Fructose malabsorption is a medically recognized disease. What we know so far is that in individuals suffering from fructose malabsorption, some percentage of the fructose that is consumed never gets absorbed by the gut. The disease is characterized by a deficiency in the fructose transporters of the small intestine, the major site of nutrient absorption in the gastrointestinal tract (GI). Fructose transporter deficiency leads to greater amounts of unabsorbed fructose in the large intestine which provides increased substrate for gut bacterial fermentation. The physiological consequences of fructose malabsorption involve increased gases including hydrogen, carbon dioxide and methane. The abnormal increase in hydrogen is detectable with the hydrogen breath test. A number of other symptoms are possible involving changes in GI motility, function, and decreased tryptophan, folic acid, and zinc in the blood. According to our present knowledge of the disease, no other symptoms are described as being associated with this disease. The possibility that elevated fructose in the small intestines results in reactivity between fructose and dietary proteins remains unresearched. The possibility that unabsorbed fructose may contribute to the formation of digestion resistant protein fragments capable of eliciting an auto-immune response remains to be tested and researched.

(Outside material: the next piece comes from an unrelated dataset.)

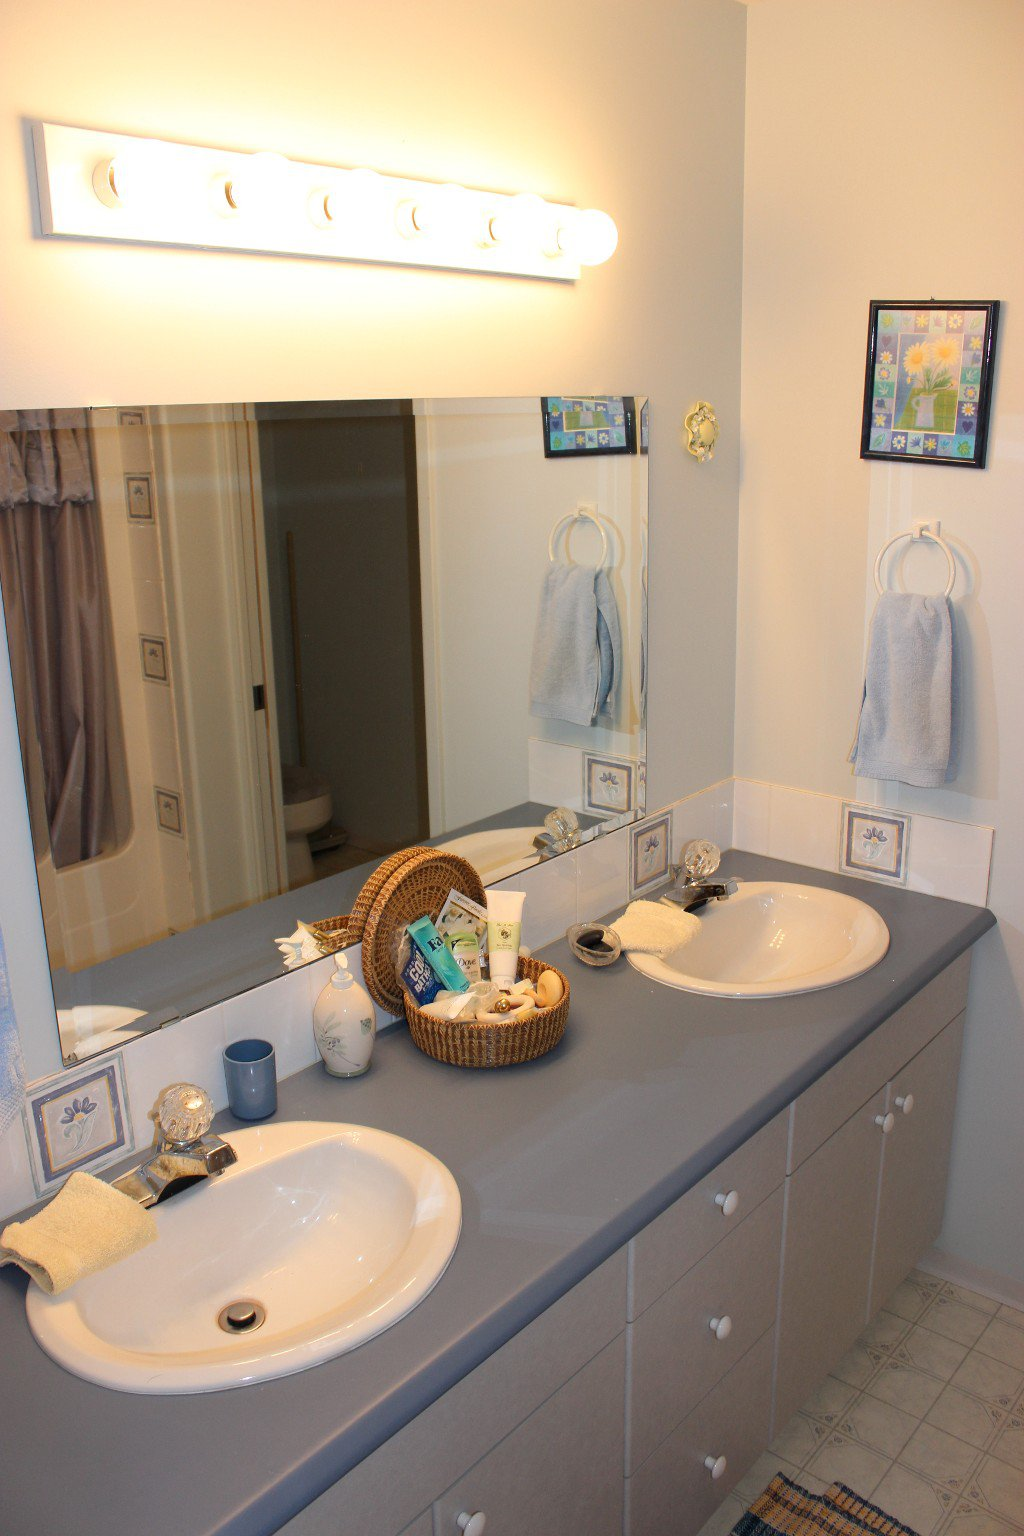 Photo 20: Photos: 617 Bissette Road in Kamloops: Westsyde House for sale : MLS®# 131131

The liver has been identified as the primary site of the majority of dietary fructose metabolism. Fatty liver disease has been reported to be a risk factor for individuals consuming large amounts of fructose. A focus by the corn refiners association on the "sameness" of fructose metabolism, whether it originates from high fructose corn syrup or sugar appears self serving. This skewed focus has come at the expense of further research into the role of fructose malabsorption in chronic disease and auto-immune reactivity. Yes, the cellular mechanisms of metabolism of fructose are the same whether the fructose being metabolised originates from high fructose corn syrup or sugar. But the better question may in fact be, "why haven't we paid closer attention to the scientific data on fructose malabsorption rates in the general population?" And why have we not researched its impact in children? Sugar is made of equal amounts of glucose and fructose that transport together. There is no excess-free-fructose in sugar. This is likely the reason why fructose malabsorbers do not exhibit symptoms of fructose malabsorption when consuming sugar, but do exhibit symptoms of malabsorption including gas, bloating, and abdominal pain when consuming fructose in excess of glucose as occurs with HFCS. As detailed above, data suggest that at levels as low as 12.5 grams of fructose, 10% of otherwise healthy adults exhibit symptoms of malabsorption. At 25 grams, 30% of adults are malabsorbers. Current estimates are that Americans consume about 100 grams per day of high fructose corn syrup. If the HFCS formula in foods is 55% fructose as the industry suggests, daily excess-free-fructose consumed is approximately 10 grams. If the formula is 65% fructose as measured by independent laboratories, daily excess-free-fructose consumption is closer to 32 grams.